# Grand river



## BigFishAddict (Feb 25, 2012)

Would anyone care to shed some light on sections of the grand that hold walleye?


----------



## c. j. stone (Sep 24, 2006)

BigFishAddict said:


> Would anyone care to shed some light on sections of the grand that hold walleye?


Just saw this. Thinking the answer is 'no'! 
I've fished the river for late season steel, also the Harbor(probably off and on many times over the past 40 some years!) Started launching in the river and headed towards the nuke plant area for eyes early in the year way before it became "popular" to fish the mid/eastern basin for "migrating" eyes. We caught early spawner "resident" eyes near shore 8 or so miles east of the river. BUT NEVER CAUGHT, OR SAW CAUGHT, any walleyes IN the Grand river! There is so little mention of it that it's either done by "tight lippers"--or a total Myth! Having said that, I see no logical reason why they wouldn't go upriver to spawn(resident fish), that is!


----------



## ldrjay (Apr 2, 2009)

They are there and they run the river. They also have resident fish up river as well.


----------



## Irishtrooper (Jun 28, 2016)

Yes you can catch walleye in the Grand. You may not hear much about them because the ones I've caught or have seen others catch have never had any legitimate size to them to make em worth keeping or talking about. I'm sure others may have found a hole with a keeper but I have not. Indian Point, I've caught quit a few in the spring early summer. But like I said all skinny and nothing over 10 MAY BE a 12".


----------



## Flathead76 (May 2, 2010)

Years ago I caught a few out of the uniroyal hole in the spring fishing twister tails. Not sure if you can even fish there anymore because of all the "fisherman" littering.


----------



## ldrjay (Apr 2, 2009)

Flathead76 said:


> Years ago I caught a few out of the uniroyal hole in the spring fishing twister tails. Not sure if you can even fish there anymore because of all the "fisherman" littering.

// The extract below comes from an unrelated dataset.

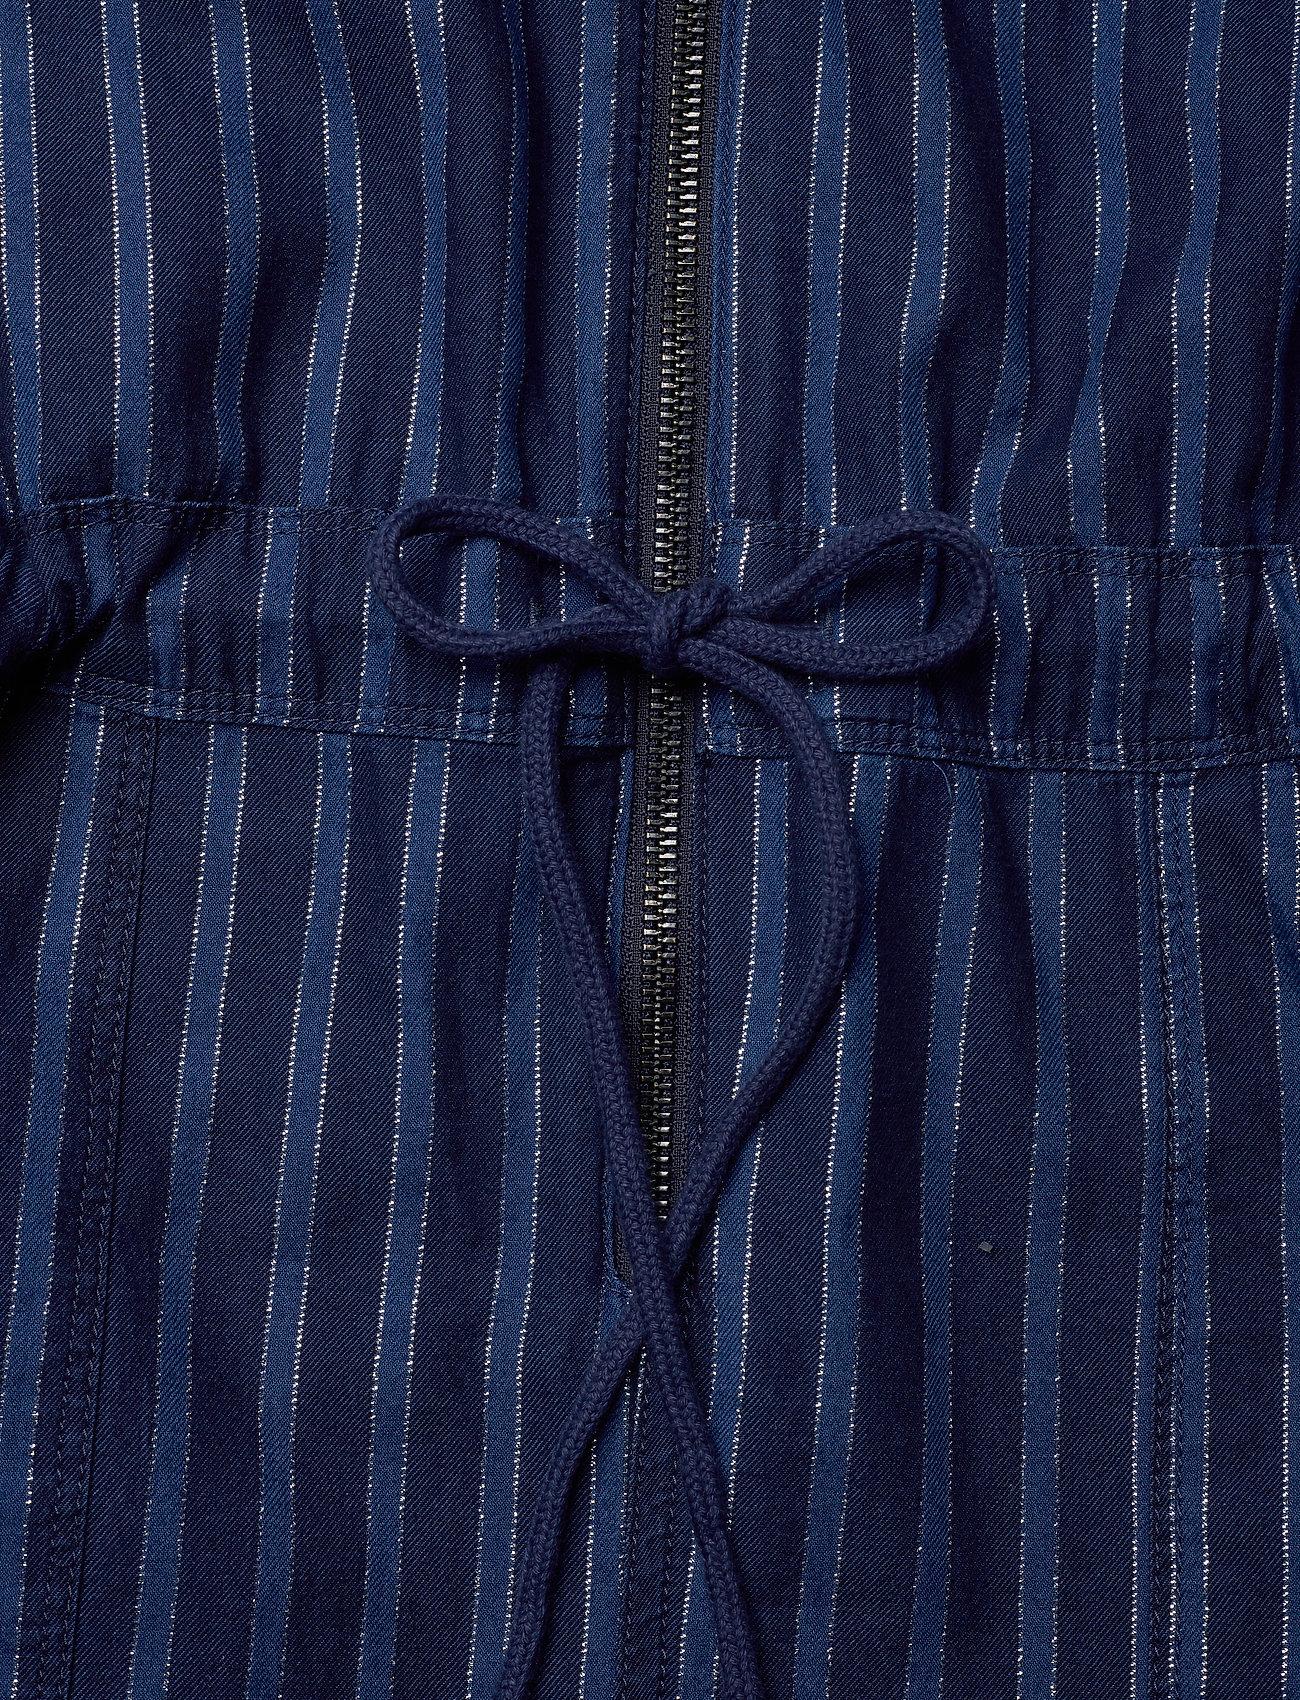 Jumpsuit (Washed Blue) (97.46 €) - Lee Jeans Xd98p

You can but lately the meth heads have been keeping the area less crowded due to break ins. This is also one of the areas we do hook up with bigger eyes.


----------



## bvonny12 (Jan 3, 2012)

-early march. Twister tails on gumball jigs......they are there and in bag limits. We caught a couple in the lower grand this fall trolling for steelhead and multiple have been pulled over the past two or three steelhead seasons all the way up to harpersfield! there's speculation that there is a resident fish population now in the harbor are and the fish migrate the lower grand quite often


----------



## Flathead76 (May 2, 2010)

bvonny12 said:


> -early march. Twister tails on gumball jigs......they are there and in bag limits. We caught a couple in the lower grand this fall trolling for steelhead and multiple have been pulled over the past two or three steelhead seasons all the way up to harpersfield! there's speculation that there is a resident fish population now in the harbor are and the fish migrate the lower grand quite often


Hate to admit this but this has been pushing 25 years ago but you are spot on. This is not a new thing but I can tell you some of looks that I received when leaving the river with a rope a walleyes from steel headers was priceless. Some of those fish were clunkers and not resident fish.


----------



## hailtothethief (Jan 18, 2017)

You can catch them at the harpersfield dam while steelhead fishing with rapalas.


----------